Puerto Rico Bar Association Under Attack for its Progressive and Independista politics

The Puerto Rico Bar Association, founded in 1840, is the oldest professional organization in Puerto Rico and the third oldest in the American hemisphere. It is a mandatory organization, similar to the majority of state bar associations in the U.S., such as California and Florida, where membership is required. In addition to providing services to attorneys and improving the legal profession, it is one of the foremost organizations of civil society in Puerto Rico, offering pro bono legal services to indigents and weighing in on issues important to society as a whole, such as opposing the use of the death penalty (outlawed by the Constitution of Puerto Rico) in the U.S. District Court; providing a mechanism for grievances against attorneys, personal support for attorneys, advocating to protect the independence of the judiciary; and supporting the rights of women.

Puerto Rican society is defined by the colonial relationship to the United States. The status question is a subject of daily discussion and debate among those who favor the status quo, or commonwealth; those who support statehood; and those who favor independence. Bar Association members are free to support any political party or status preference. For decades, however, the Bar Association has presented a legal analysis of the current status before the U.N. Special Commission on Decolonization, acknowledging the failure of the current status to comply with international law. Most recently, organizational commissions comprised of all tendencies have studied the issue and proposed a Constitutional Convention as the means for resolving the status.

Since November of 2008, when the pro statehood New Progressive Party [NPP] won the gubernatorial and many legislative and municipal elections, those favoring annexation began implementing drastic changes in Puerto Rican society. Not only did the new governor convene business leaders to come up with a plan to privatize many government services, he defunded many longstanding community organizations, announced the firing of 30,000 (mostly unionized) government workers, named an FBI agent as superintendent of police, and introduced legislation which would dismantle the Bar Association.

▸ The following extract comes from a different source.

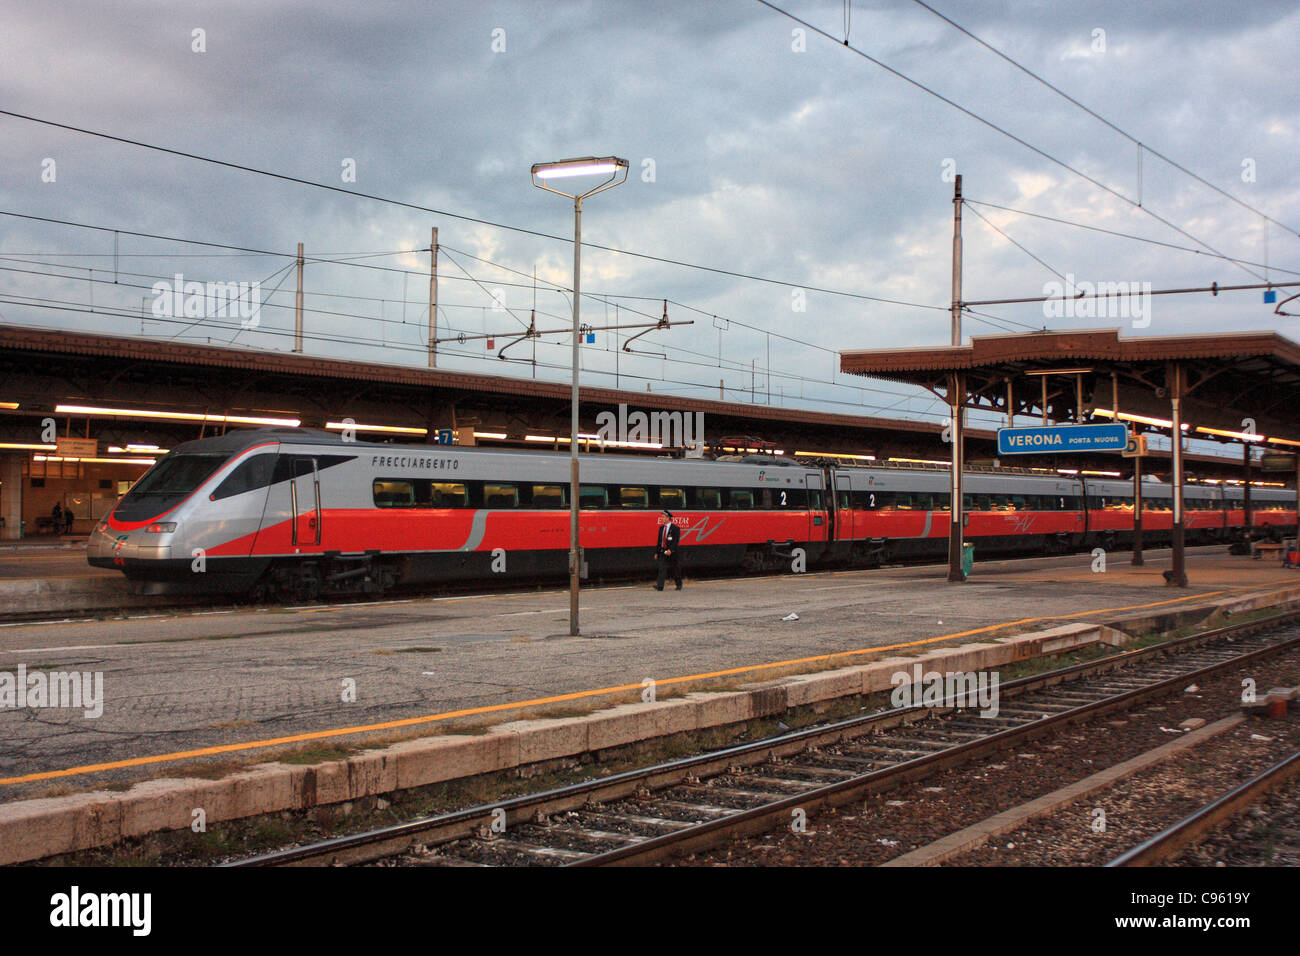 Eurostar trenitalia at Verona porta nuova train station, Italy Stock Photo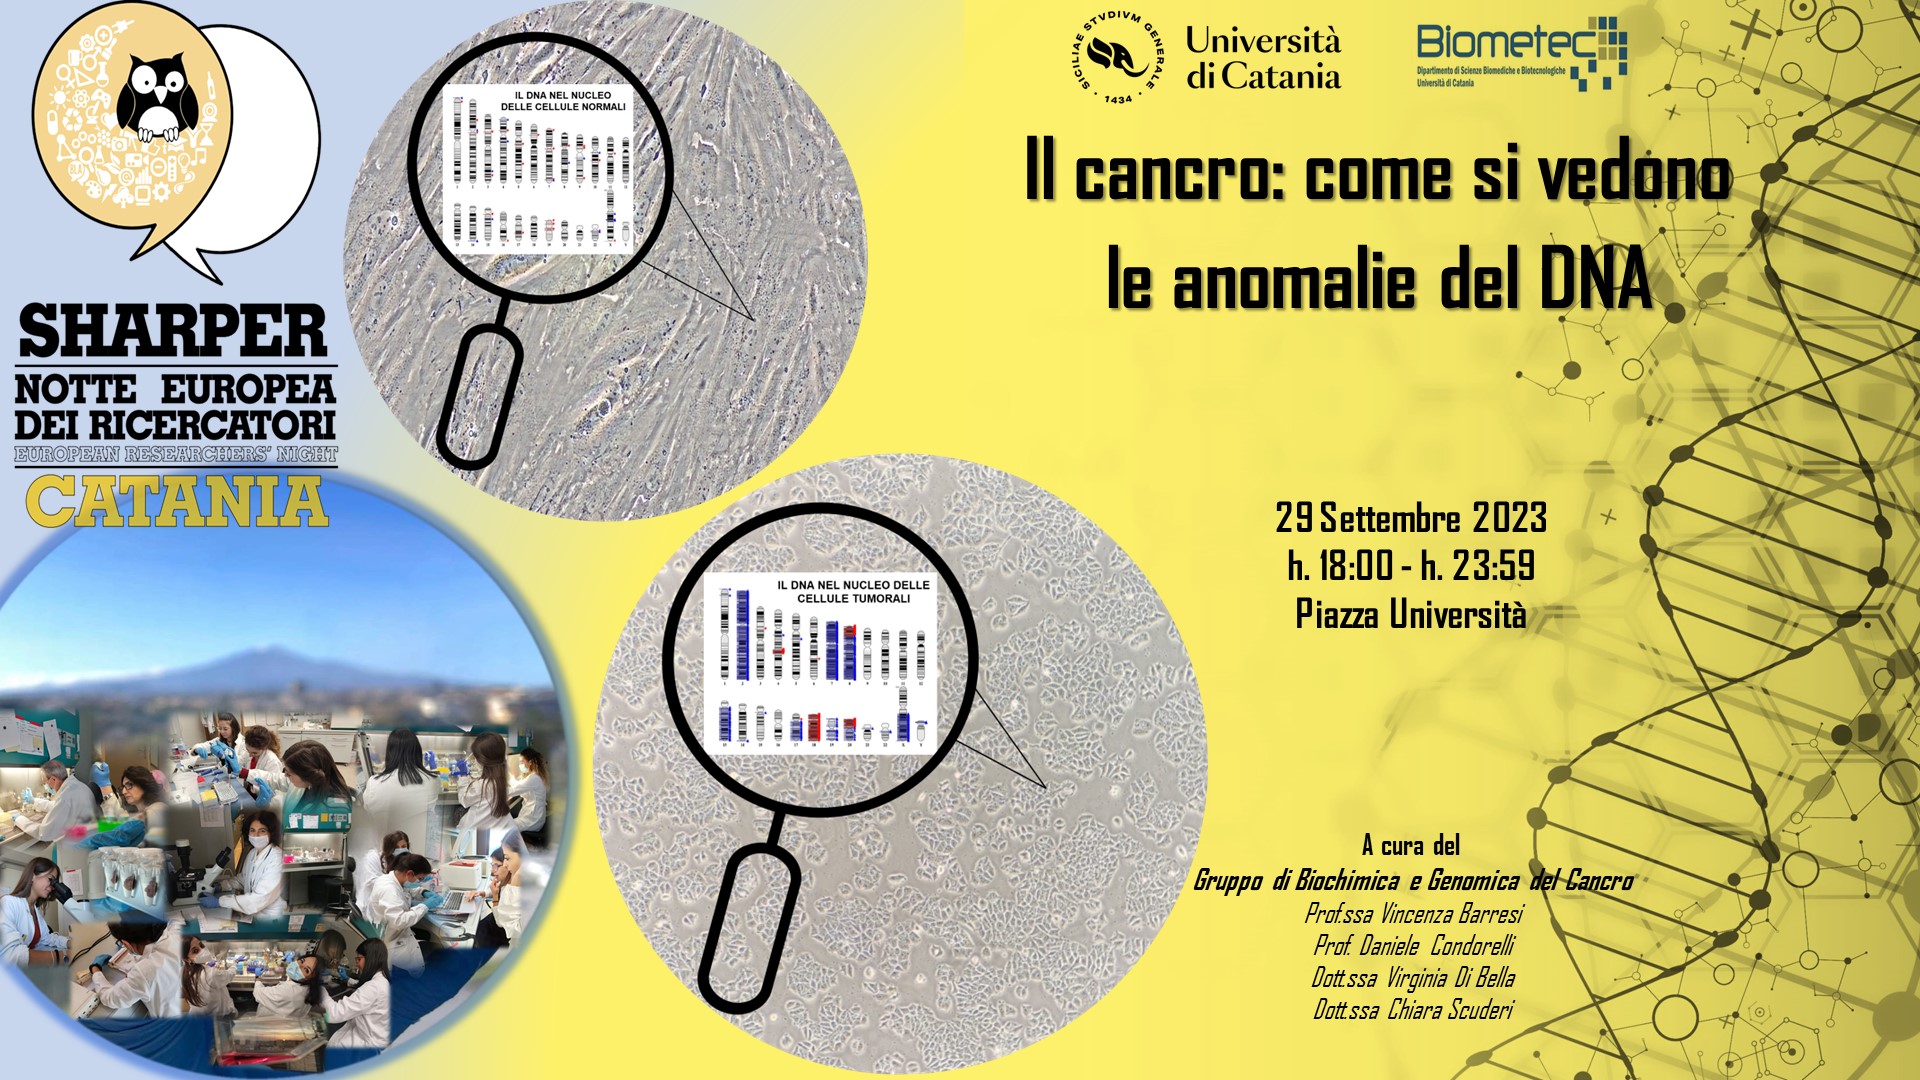 Biometec - Unict, Università di Catania

More Historical Context — A bit of history may help to put in context these latest developments. For decades, the Bar Association has held elections at its annual convention, generally electing lawyers who support independence. The NPP made several bold efforts to win the presidency, but has never succeeded. The organization has long been a target of right-wing hostility– including bombings during the volatile decade between 1976 and 1986– because of the prominence of pro-independence members and postures. While independentistas were long criminalized by the government and reviled by adherents to the other status preferences, they have also tended to be Puerto Rico’s most respected attorneys and public spokespeople.

The FBI’s assassination of clandestine independence leader Filiberto Ojeda Ríos, on September 23, 2005 sparked the latest attempt to undermine this venerable institution, because its Board agreed to rent a space for his wake, as it had previously done with other political and cultural figures. Representatives of a broad spectrum of Puerto Ricans attended, from the current and past governors to the Catholic Archbishop to the most humble citizens. The country stood still for days, outraged by this extra judicial execution. Now, the most reactionary pro statehood forces conspire about how to bring down the institution.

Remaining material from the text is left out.